There have been significant breakthroughs this year.
“Radiofrequency microneedling uses complementary needle technology to deliver radiofrequency energy into the dermis,” says Gohara of the in-office option. “Radiofrequency energy heats the dermis, stimulates collagen production and tightens tissue.”
Microneedling can also reduce cellulite.
Alexiades works with a range of new microneedling devices such as Candela’s Profound. She uses the machine to treat wrinkles that look like wrinkles as well as sagging and rough skin.
Your exfoliator blends well with other skin care treatments.

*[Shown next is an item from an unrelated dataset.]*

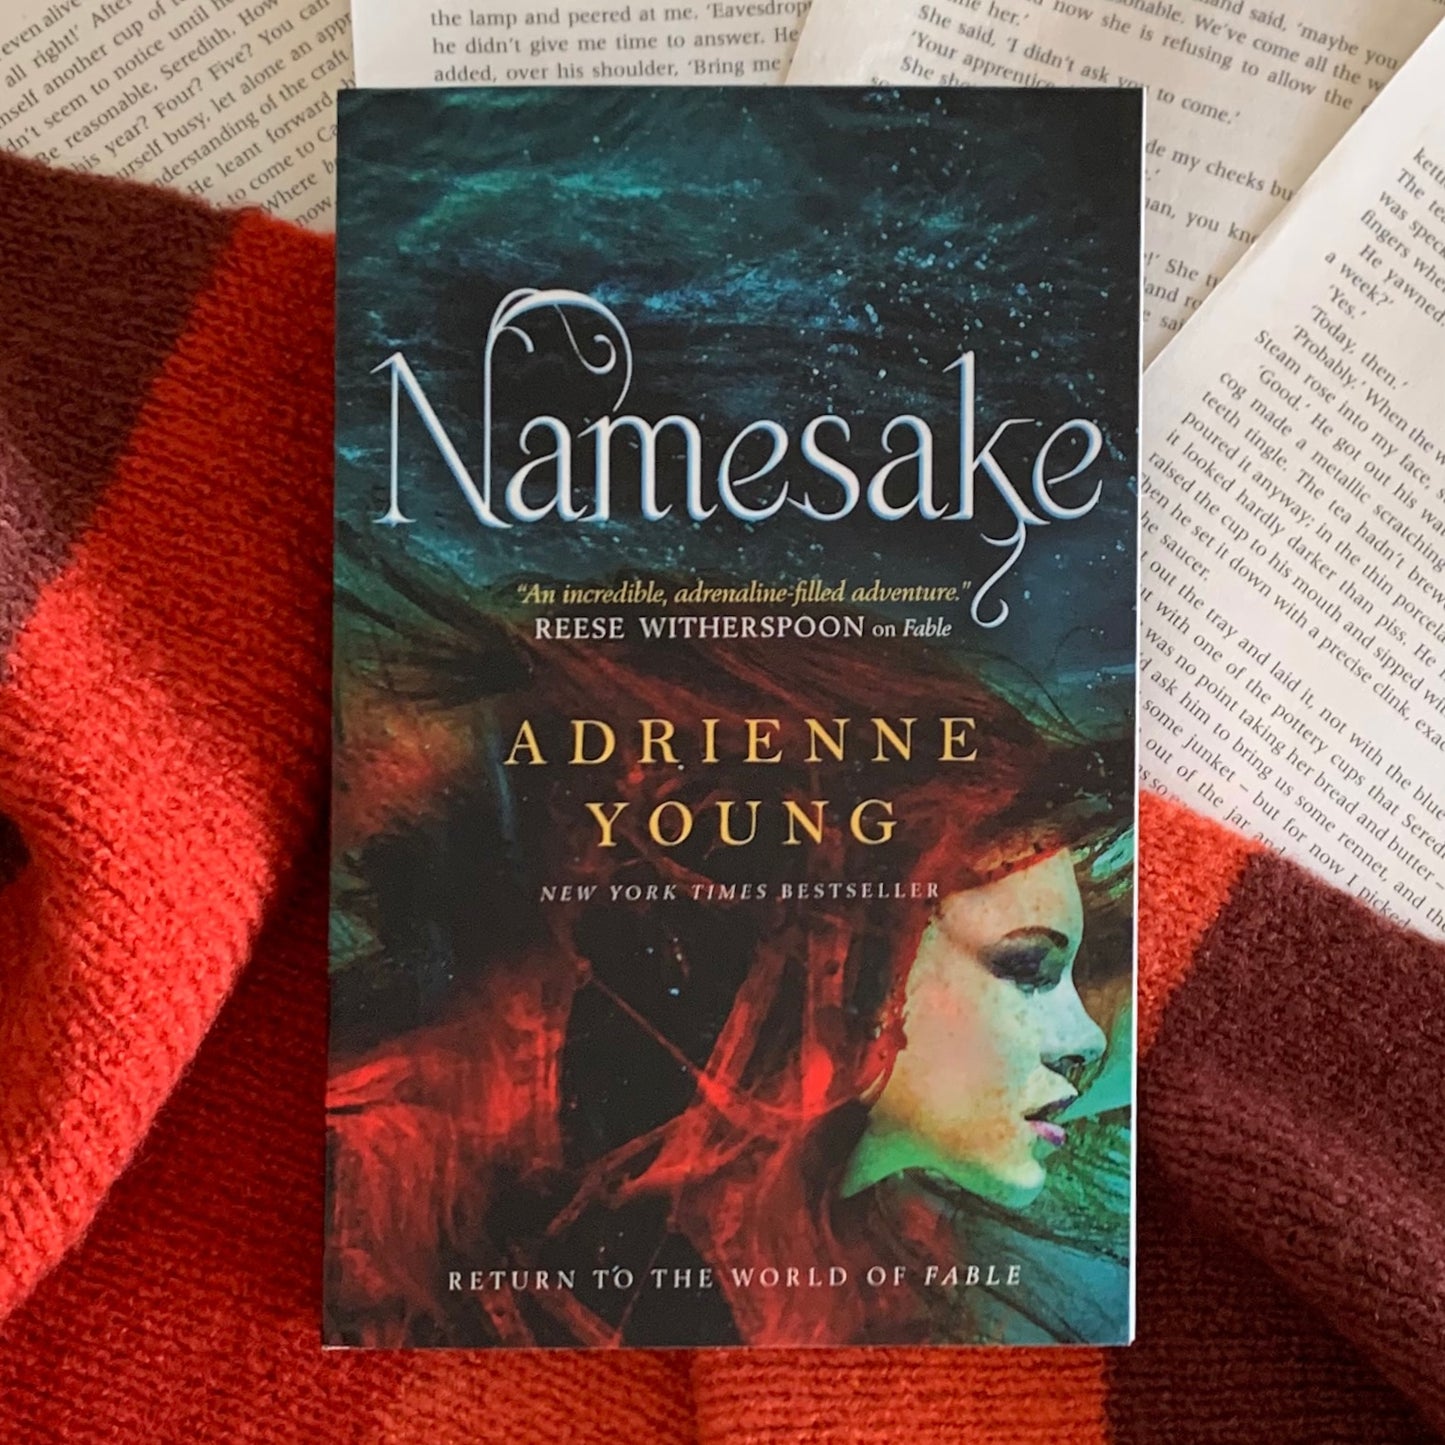 Fable duology by Adrienne Young

Alexiades recommends combining microneeding with topical treatments (like her High performance face cream) and lasers. “Typically, we use this as an opportunity to apply anti-aging preparations that will penetrate better through the needle puncture. When you combine it with topicals, you get a chance to build collagen. When combined with radiofrequency, you can see tissue tightening for months,” she says.
DIY microneedling is legal…
As long as your dermatologist approves! Gohara notes that people with eczema, rosacea, acne, keloids, and perioral dermatitis should avoid self-needling, as it can cause flare-ups or scarring. For a gentle introduction to at-home skin care, try the Beauty Stamp from renowned skincare expert Nurse Jamie. The hand tool works as the name suggests, stamping the skin with micro-needle tips designed to boost the effectiveness of topical treatments and boost collagen (just like a traditional topical skin medication). Again, it’s always important to clean your microneedling tools before use, even if you’re the only one using them. When in doubt, ask your skin type.
Possible OD on microneedling.
“Regular use of microneedles can lead to broken capillaries and make the skin look like plastic if you overuse it with microneedle insults,” says Alexiades. Instead, avoid dependence on emollients by following the plan once a month and always allowing for full recovery between sessions.
You need to be gentle on your skin after microneedling.
“Let the skin cool down after microneedling,” says Gohara. “For the rest of the day, don’t wash your skin, expose it to extreme heat, or sweat excessively (i.e. no sun, no gym, no hot yoga).” Instead, shop for skin-loving products like the ones below:
How do you know it’s working?
Marks will be less visible, wrinkles will be smoother, and your skin’s overall quality will be healthier.
The microneedling method alone gives only temporary results.
Alexiades notes that a recent study by the AAD found that the use of microneedling alone may provide temporary, not lasting results. “As my 10+ years of research has shown, you must combine microneedles with radiofrequency to reduce wrinkles and long-term scarring and improve skin quality,” explains Alexiades.